Proponents of biomass argue that such emissions should not be
considered in applying the regulatory threshold, because burning
plants simply returns to the atmosphere carbon dioxide that the
plants removed as they grew, in contrast to burning fossil fuels,
which results in emission of carbon that had been sequestered below
ground for millennia. Opponents argue that the biomass cycle is not
entirely carbon-neutral and does not adequately account for the
effects of land-use changes.
EPA's guidance in the first part of 2011 should clarify two
issues: (1) whether a stationary source's emissions from
biomass combustion must be included in calculations to determine
whether that source exceeds applicable permitting thresholds, and
(2) whether "fuel-switching" from fossil fuels to biomass
may be selected as the "best available control
technology" in greenhouse gas emissions permits.
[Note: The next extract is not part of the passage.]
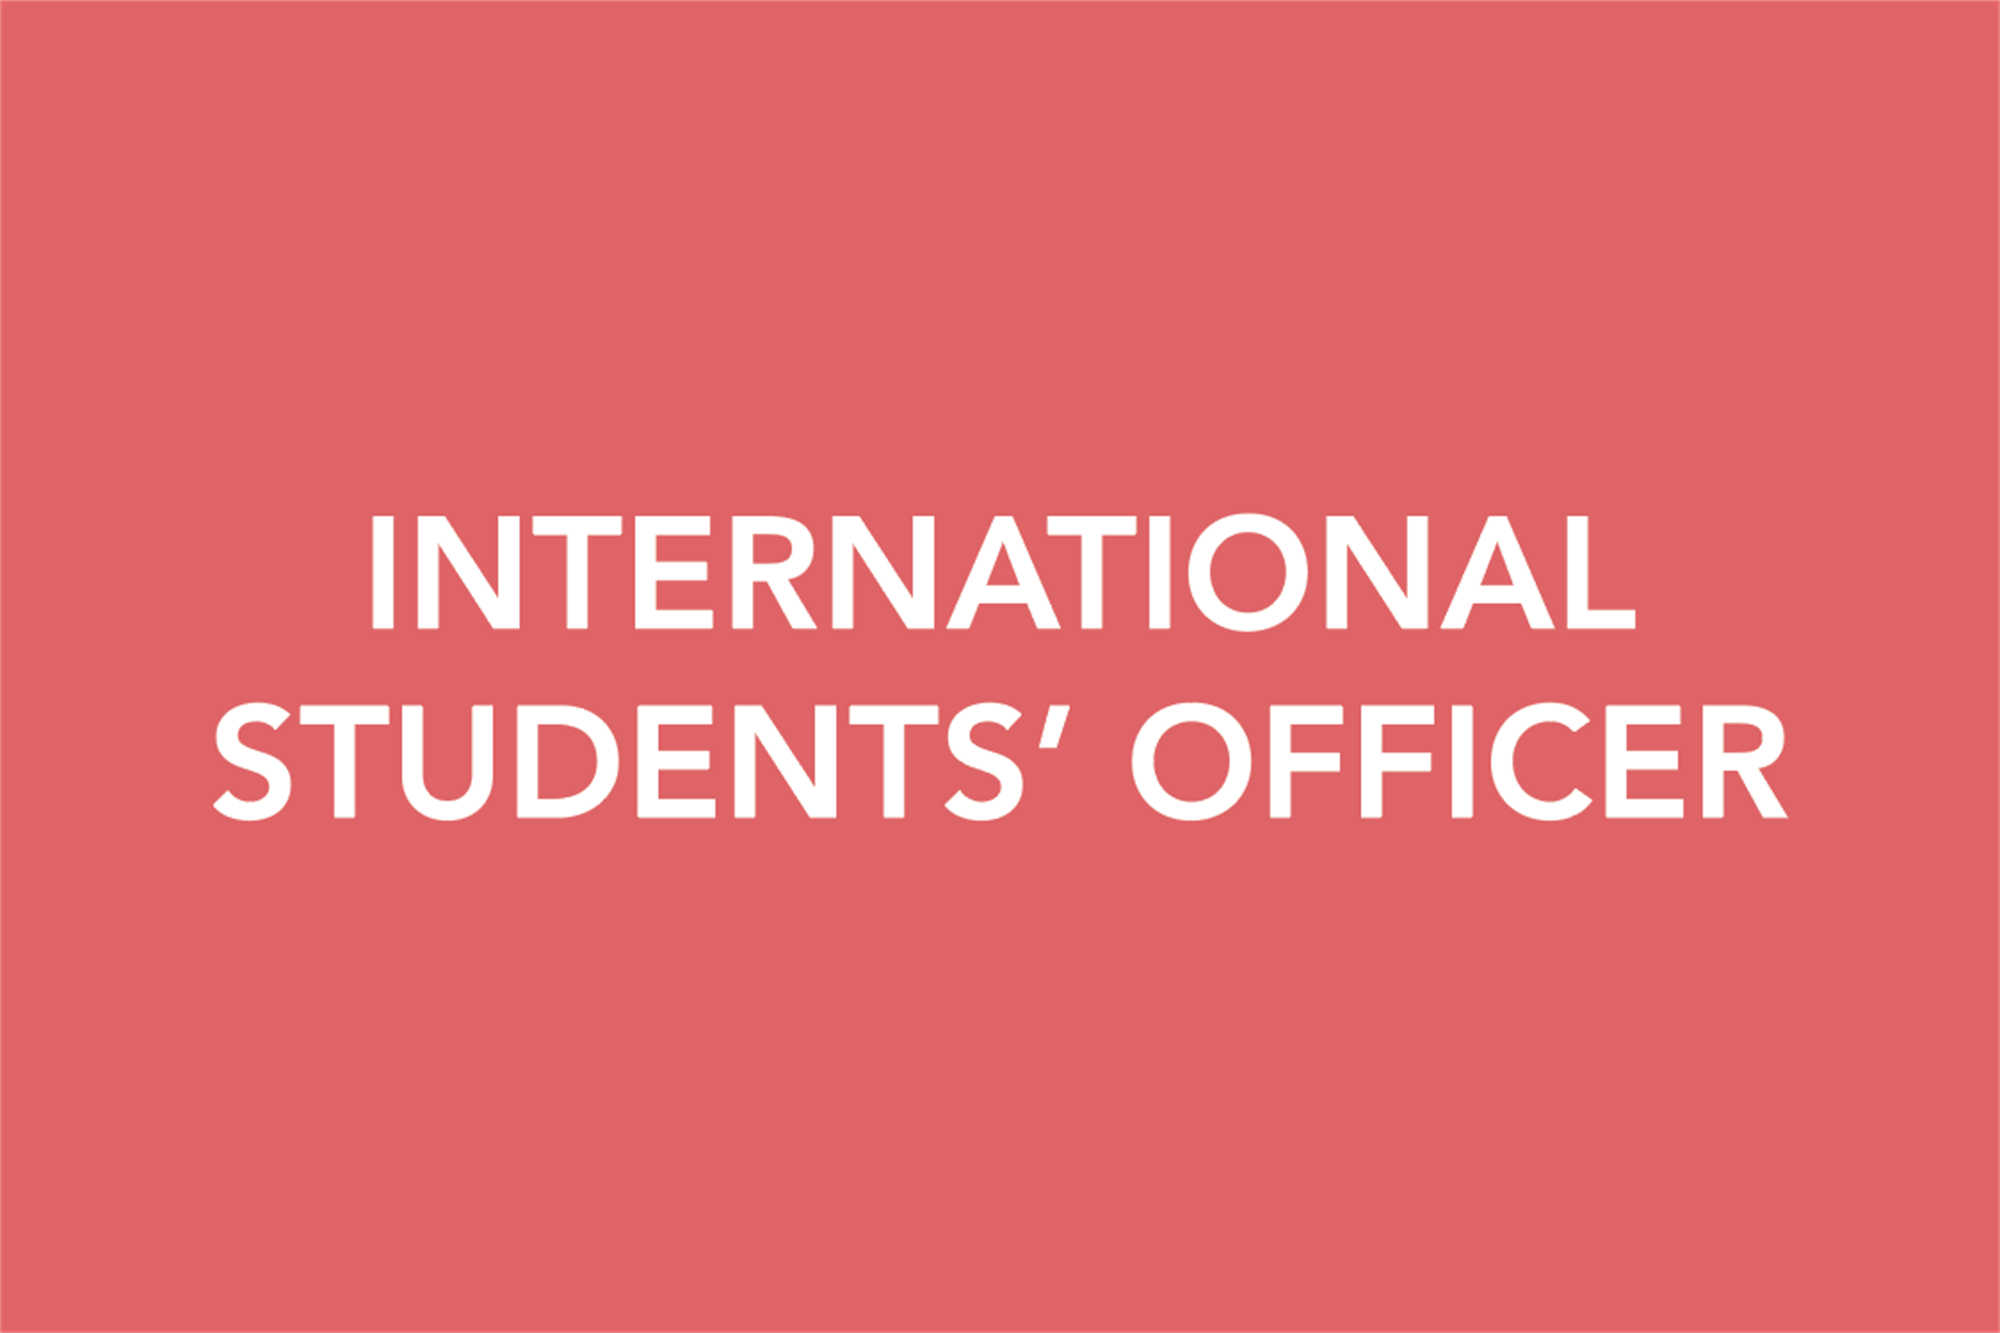 This officer represents the views and interests of international students on Student Council and to the University.

In the meantime, the U.S. Department of Agriculture is moving
forward with plans to provide financial assistance under the
Biomass Crop Assistance Program to farmers who grow commercial
biomass crops, such as switchgrass, sorghum, hybrid poplars, and
willows. Under the
final rule, published October 27, 2010, 50 million acres of
existing pasture land and traditional cropland would be converted
to biomass energy production. The USDA believes that this broad
program is necessary to meet the federal renewable fuel standard,
which requires production of 36 billion gallons of renewable fuel,
including fuel from biomass, by 2022.